This dataset defines 5 attributes and 11 records (note that it is slightly different from the file tennisExtended.txt in the above example).

Alternative input format (CSV)

It is also possible to load a dataset encoded in the CSV format as an alternative to the default format and ARFF format. The CSV format is a file where values and attribute values are separated by commas. To load a file encoded according to the CSV format, the following lines of code can be used in the example:

String datasetPath = fileToPath("tennisExtendedCSV.txt");
CSVDataset dataset = new CSVDataset(datasetPath, targetClassName);

Using these lines, the dataset tennisExtendedCSV.txt can be read, which contains the following content:

play,outlook,temp,humid,wind,day,moon
no,sunny,hot,high,weak,tuesday,full
no,sunny,hot,high,strong,tuesday,small
yes,overcast,hot,high,weak,tuesday,full
yes,rainy,mild,high,strong,tuesday,small
yes,rainy,cool,normal,weak,monday,full
no,rainy,cool,normal,strong,monday,small
yes,overcast,cool,normal,strong,monday,full
no,sunny,mild,high,weak,monday,small
yes,sunny,cool,normal,weak,monday,full
yes,rainy,mild,normal,weak,monday,small
yes,sunny,mild,normal,strong,friday,full
no,rainy,cool,normal,strong,friday,small
yes,overcast,cool,normal,strong,friday,full
no,sunny,mild,high,weak,friday,small
yes,sunny,cool,normal,weak,friday,full
yes,overcast,hot,high,weak,friday,small
yes,rainy,mild,high,strong,friday,full
yes,rainy,mild,normal,weak,friday,small
yes,sunny,mild,normal,strong,tuesday,full

The first line indicates the names of the attributes, each separated by a comma. Then each of the following lines is a record where attribute values are separated by commas.

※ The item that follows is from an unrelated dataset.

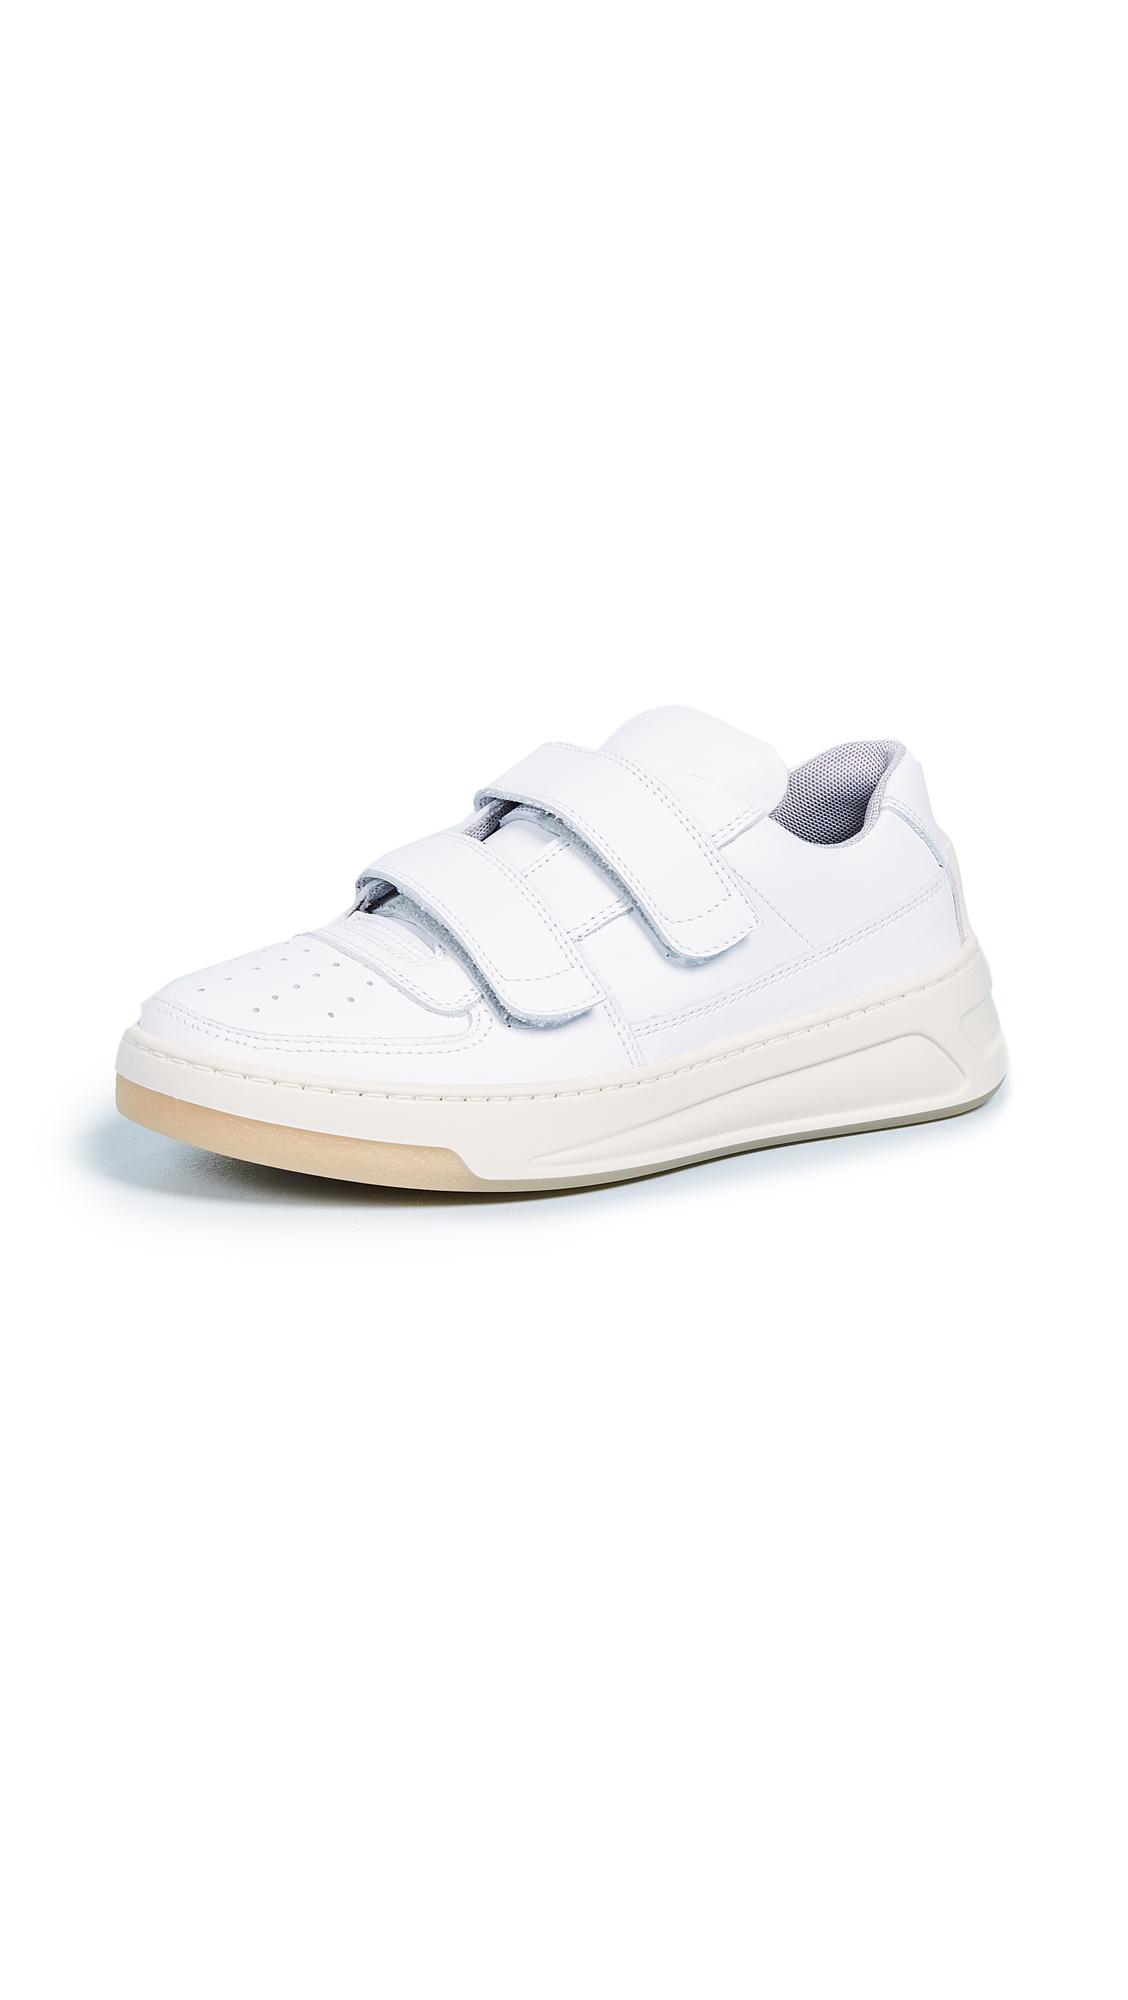 Buy Acne Studios Steffey Sneakers online, shop Acne Studios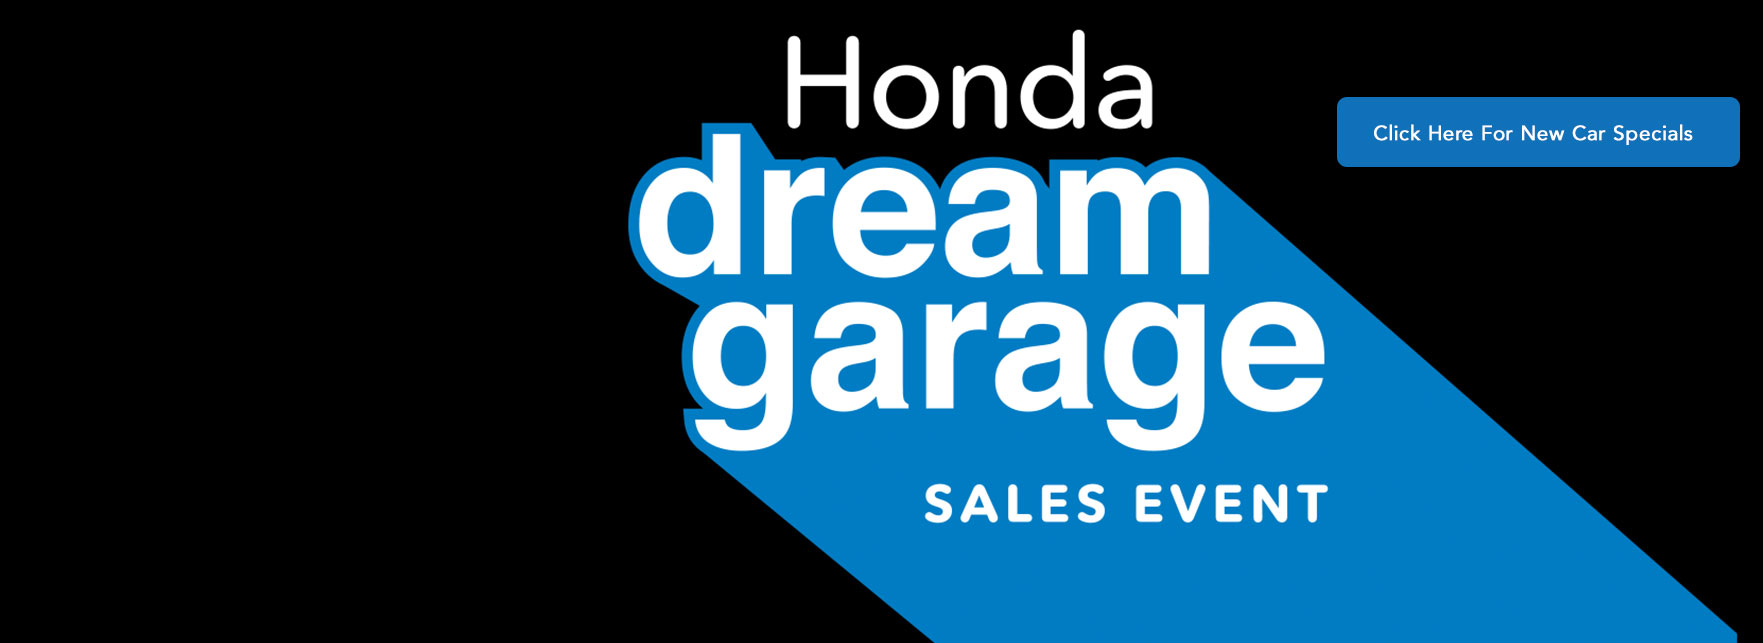 Honda Dream Garage Sales Event

There are 19 records.

B) How to run batch experiments to test the ID3 model for classification

In the SPMF library there is some code to automatically run experiments with ID3 on a dataset.

How to run this example?

This Example is not available in the graphical user interface of SPMF.
If you are using the source code version of SPMF, launch the file "MainTestID3_batch_holdout.java" in the package ca.pfv.SPMF.test

What is this example about?

In this example, the dataset tennisExtended.txt from the previous example is read into memory. It is then split into two parts : a training dataset (the first 50% of the records) and a testing dataset (the last 50% of the records).

The ID3 algorithm is then applied to build a model using the training dataset for the target attribute play.

Then, the model is applied to guess the values of the attribute play for all records in the test dataset. Statistics are then calculated in terms of various measures for evaluating a classifier and the results are presented in the console:

=== MODEL TRAINING RESULTS ===
#NAME: ID3
#RULECOUNT: 454 the number of rules in the model
#TIMEms: 15 the time for training the model (ms)
#MEMORYmb: 2.482 the memory used for training the model (MB)

==== CLASSIFICATION RESULTS ON TRAINING DATA =====
#NAME: ID3
#ACCURACY: 1 accuracy of the model on training data
#RECALL: 1 recall of the model on training data
#PRECISION: 1 precision of the model on training data
#KAPPA: NaN Kappa Score of the model on the training data
#FMICRO: 1 The F1 measure (micro) of the model on the training data
#FMACRO: 1 The F1 measure (macro of the model on the training data
#TIMEms: 0 the time for making predictions using the training data (ms)
#MEMORYmb: 1.9771 the memory usage for making predictions using the training data (MB)
#NOPREDICTION: 0.0 the percentage of records for which no prediction was made for the training data

==== CLASSIFICATION RESULTS ON TESTING DATA =====
#NAME: ID3
#ACCURACY: 0.7 accuracy of the model on the testing data
#RECALL: 0.625 recall of the model on the testing data
#PRECISION: 0.75 precision of the model on the testing data
#KAPPA: 0.375 Kappa Score of the model on the testing data
#FMICRO: 0.778 The F1 measure (micro) of the model on the testing data
#FMACRO: 0.6786 The F1 measure (macro) of the model on the testing data
#TIMEms: 0 the time for making predictions using the testing data (ms)
#MEMORYmb: 1.971 the memory usage for making predictions using the testing data (MB)
#NOPREDICTION: 0.0 the percentage of records for which no prediction was made for the testing data

These measures are commonly used for evaluating classification models (classifiers).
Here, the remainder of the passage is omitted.